EP by Spark Is a Diamond
- Released: November 14, 2006
- Studio: Valencia Studios (Brookville, Maryland)
- Genre: Hardcore punk; new wave; metalcore; screamo; mathcore; trance; emo;
- Length: 11:36
- Label: Emerald Moon
- Producer: Paul Leavitt

Spark Is a Diamond chronology
|  | Keep Your Eyes Off the Prize (2006) | Try This On for Size (2008) |

= Keep Your Eyes Off the Prize =

Keep Your Eyes Off the Prize is the debut EP by American hardcore punk band Spark Is a Diamond, released on November 14, 2006, through Emerald Moon Records. It was produced, recorded and engineered by Paul Leavitt (All Time Low, Thin Dark Line) and mixed by Matt Bayles (The Blood Brothers, These Arms Are Snakes).

A music video was made for the track "Check Your Lease, You're In F**k City" directed by Adam Kobylarz.

== Background and recording ==
When the group was formed, they were originally named The Hush Hush until they had to change their name to not be confused with another band with the same name and didn't want to infringe the name. The band ultimately decided to rename themselves Spark is a Diamond on July 16. The group signed into indie record label Emerald Moon Records on June 22 and started production on their debut EP.

It was produced, recorded and engineered by Paul Leavitt (All Time Low, Thin Dark Line) and mixed by Matt Bayles (The Blood Brothers, These Arms Are Snakes), mastered by Michael Fossenkemper and designed by Dan Miller of The JonBenét.

Some of the songs were brought to the band's debut album Try This On for Size on Pluto Records. The EP features Matt Hall on drums before Joseph Crawford and also features Ben Hirschhorn of Moring for the Masses.

== Release and promotion ==
On November 10, 2006, the band made a CD release party at the Morningstar Church in Quakertown, PA.
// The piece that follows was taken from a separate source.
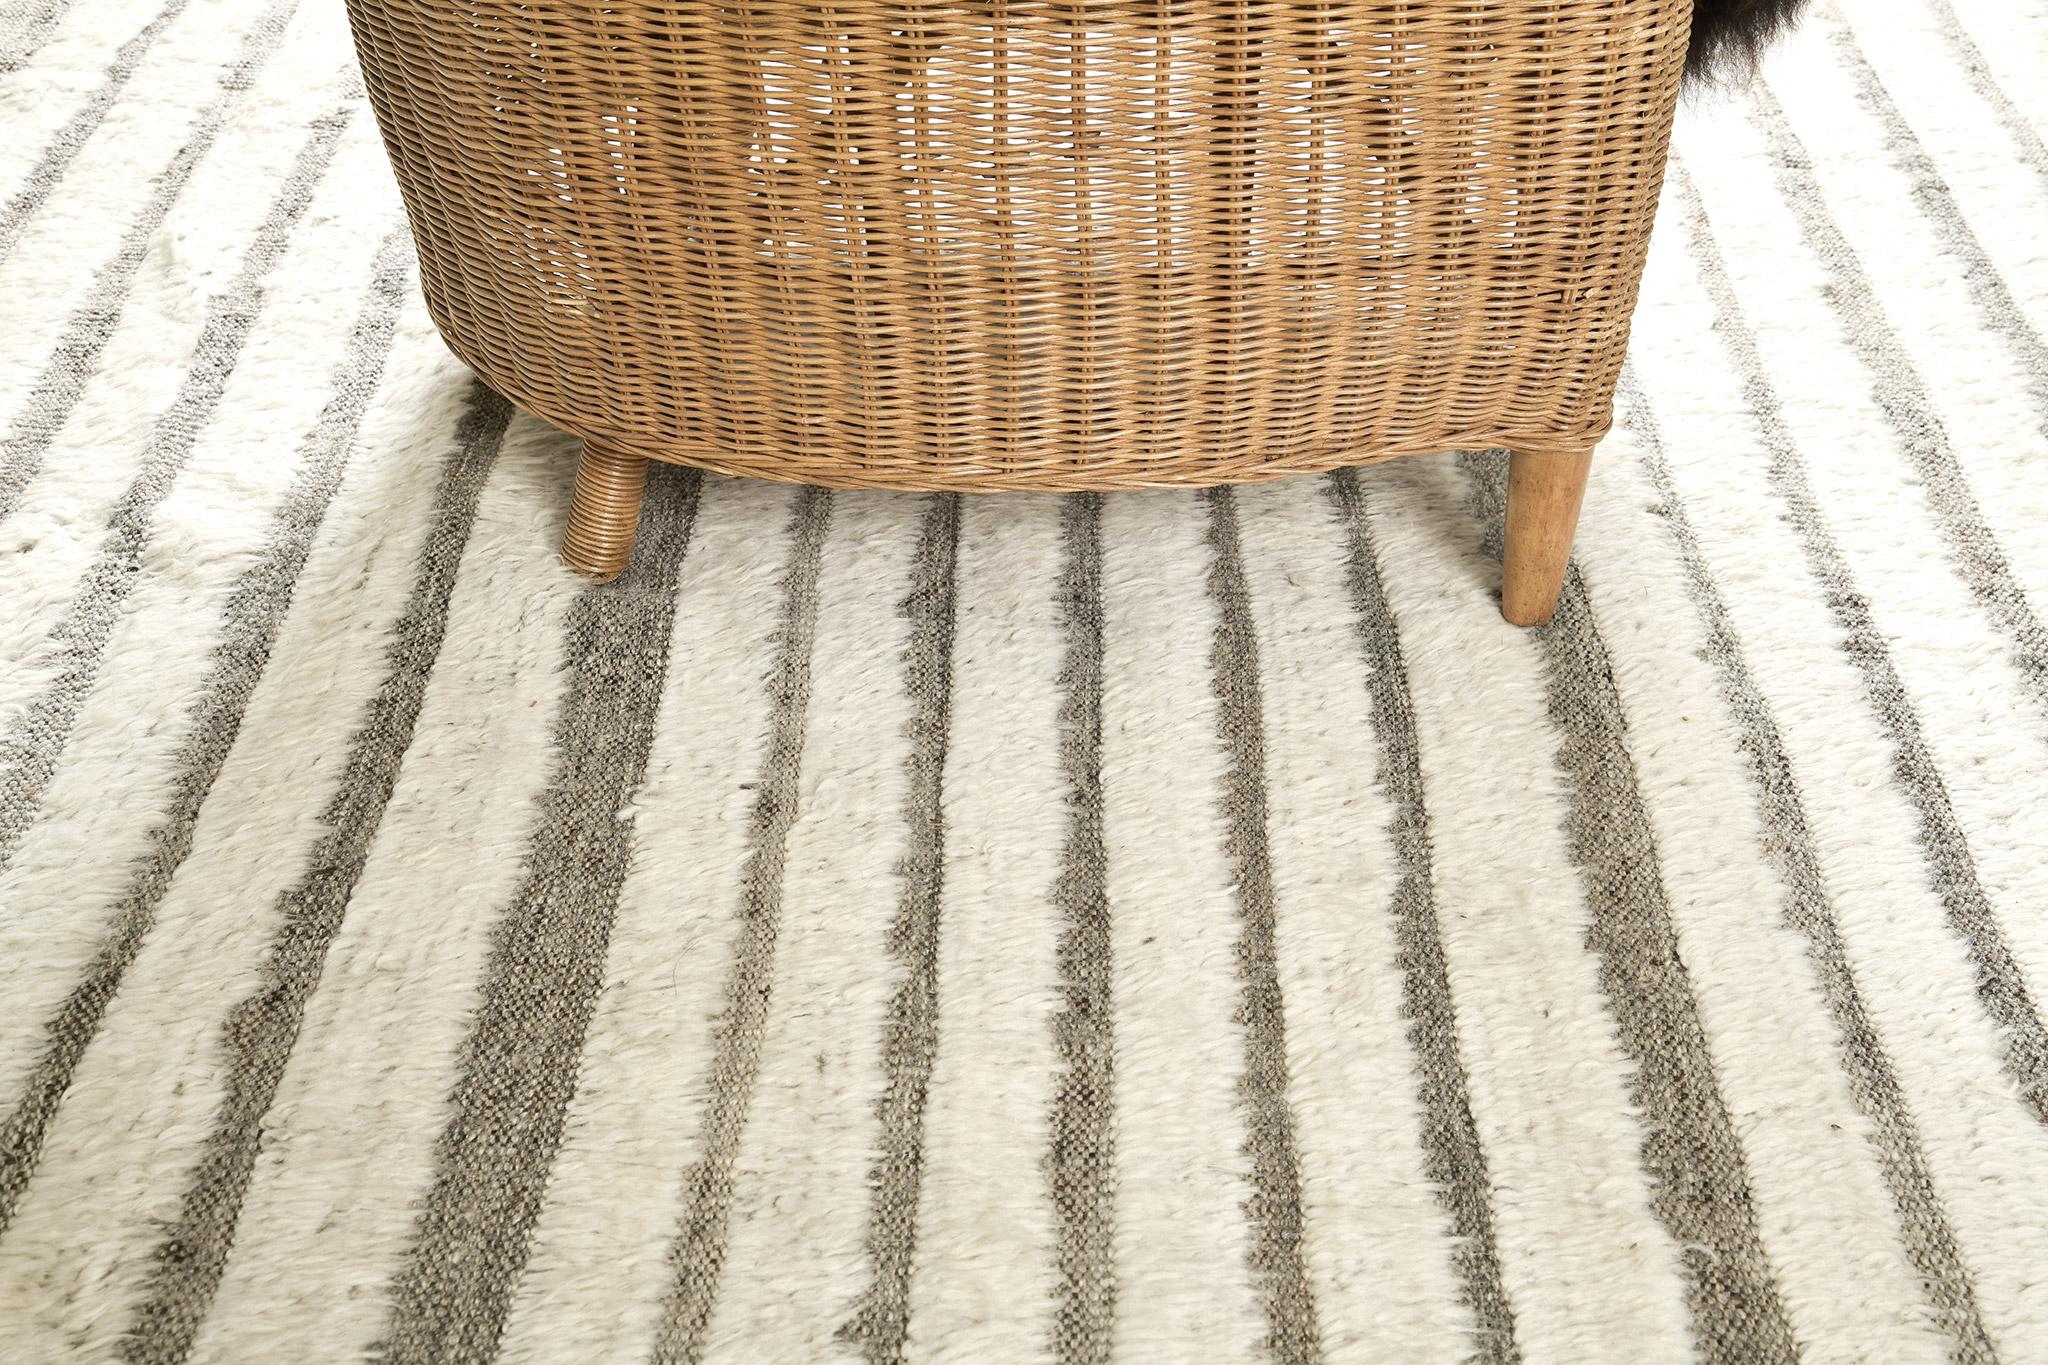 Shipca is a handwoven luxurious wool rug with timeless embossed detailing. In addition to its neutral-toned flatweave, Shipca has a beautiful gray shag that brings a lustrous and exciting feel to one's space. The Haute Bohemian collection is

On March 30, 2007, the band released a music video for the track "Check Your Lease, You're In F**k City," directed by Adam Kobylarz. A review form Smother says "a surprising underground hit of manic dance-fueled punk rock that no one would have ever seen coming."

== Track listing ==

| No. | Title | Length |
|---|---|---|
| 1. | "Scandalous, Scandalous" | 1:02 |
| 2. | "Check Your Lease, You're in F**k City" | 2:28 |
| 3. | "________ ________ Has a Deathwish" | 2:48 |
| 4. | "Oh, Captain!" | 2:16 |
| 5. | "Urgent" | 2:16 |
| Total length: |  | 11:36 |

== Personnel ==
Spark Is a Diamond

- Alison Bellavance – lead vocals
- Matt Boylan – vocals and guitars
- Matt Hall – drums

Additional personnel

- Ben Hirschhorn of Morning for the Masses – additional vocals (track 3)

Technical personnel

- Dann Miller of The Jonbenét – artwork and layout
- Paul Leavitt – producer, recording and engineer
- Michael Fossenkemper – mastering
- Matt Bayles – mixing
- Brian Pollock – electronics (tracks: 2, 4)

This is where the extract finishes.